Prove that for any unitary matrix $U$ and integer $k>0$, there exists a polynomial $p(t)$, such that the matrix $B=p(U)$ satisfies the equation $B^k=U.$
I am learning spectral theorem and SVD. I think they are related to the proof. But I don't know how to use them to prove the proposition.
Let $\{\lambda_1, \ldots , \lambda_m\}$ be distinct eigenvalues of $U$, and $\{\lambda_1,\ldots, \lambda_n\}$ be the complete set of eigenvalues so that $\lambda_{m+1},\ldots , \lambda_n$ are repeated eigenvalues if they exist.

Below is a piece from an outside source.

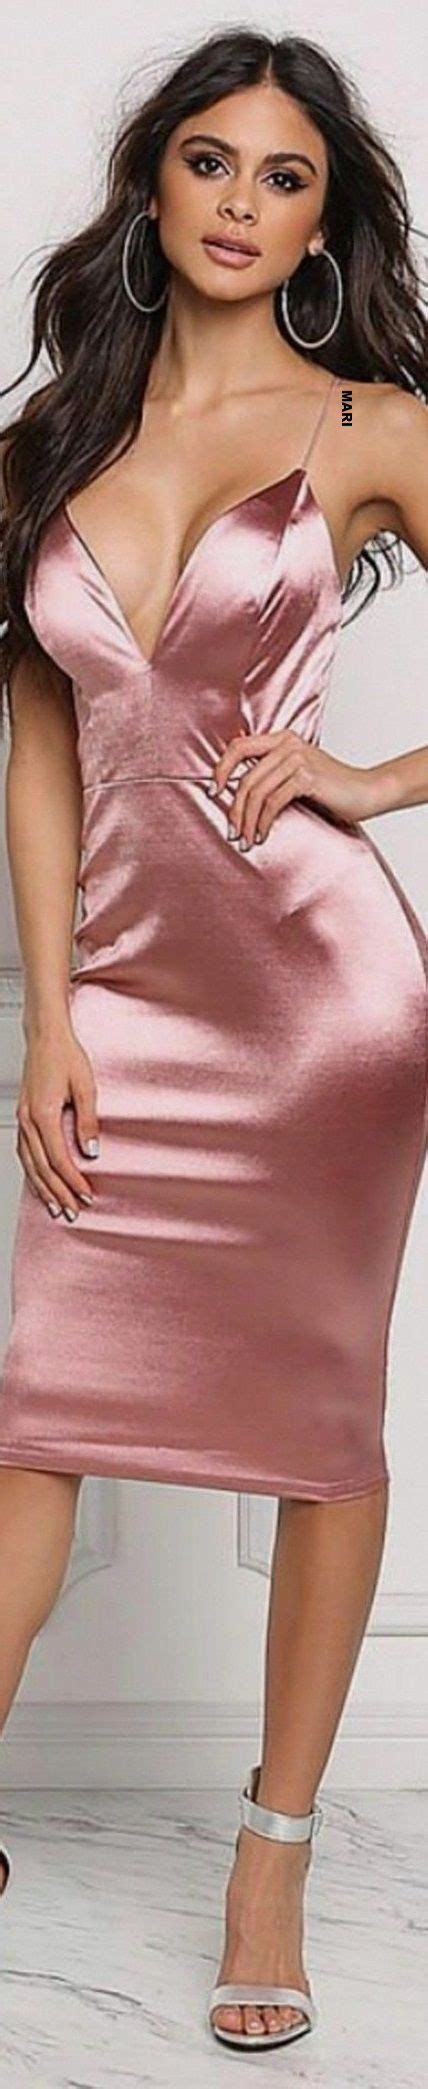 Pin By Mary On Amo Rosa In Fashion Bodycon Dress
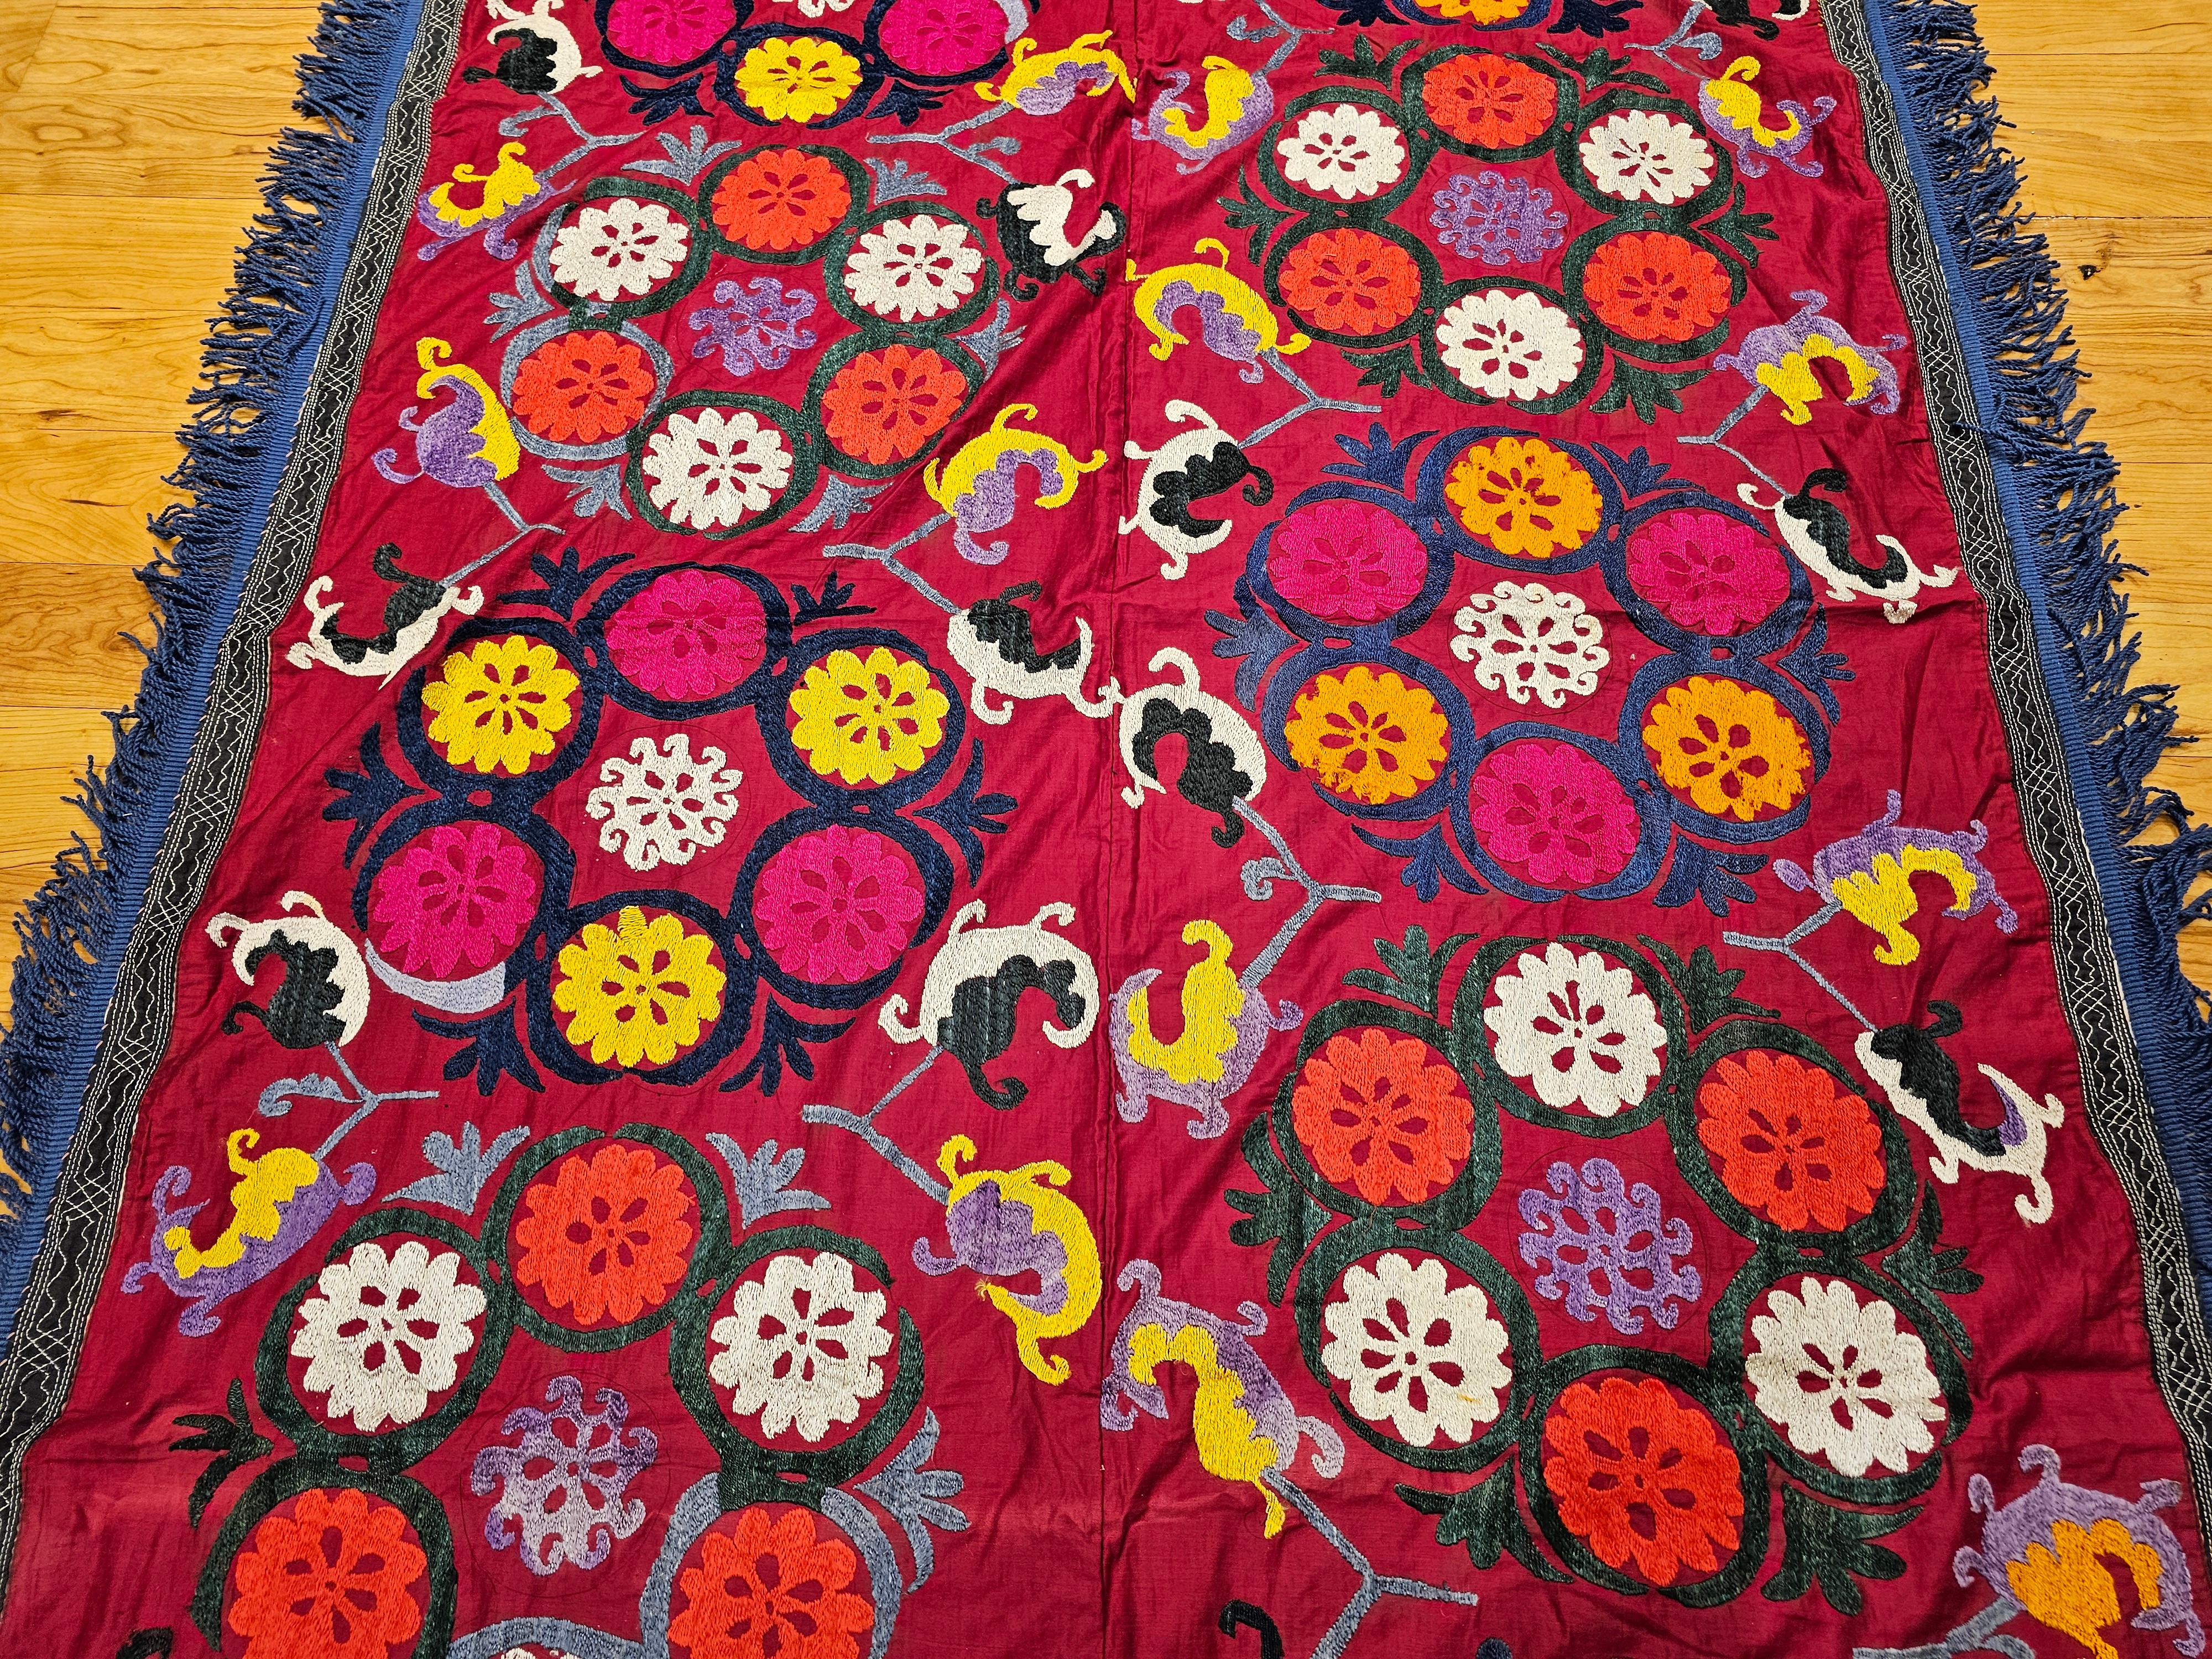 Vintage Uzbek Suzani Silk Embroidery in Red, Ivory, Blue, Yellow, Black, Purple In Good Condition For Sale In Barrington, IL

By Spectral Theorem, we have $$ U=VDV^* $$ with $V$ unitary, $D$ being diagonal with $\{\lambda_1,\ldots, \lambda_n\}$ as diagonal entries.
Since $U$ is unitary $|\lambda_i|=1$ for each $i$. Take $k$-th root of each eigenvalues, we have the set $\{\mu_1,\ldots, \mu_n\}$ with $\mu_i=\lambda_i^{1/k}$ for cach $i$.
Now, we want a polynomial $p(x)$ such that $p(\lambda_i)=\mu_i$ for $1\leq i\leq m$. Such polynomial exists by Lagrange interpolation.
Then we have $p(U)^k=Vp(D)^kV^*=VDV^*=U$.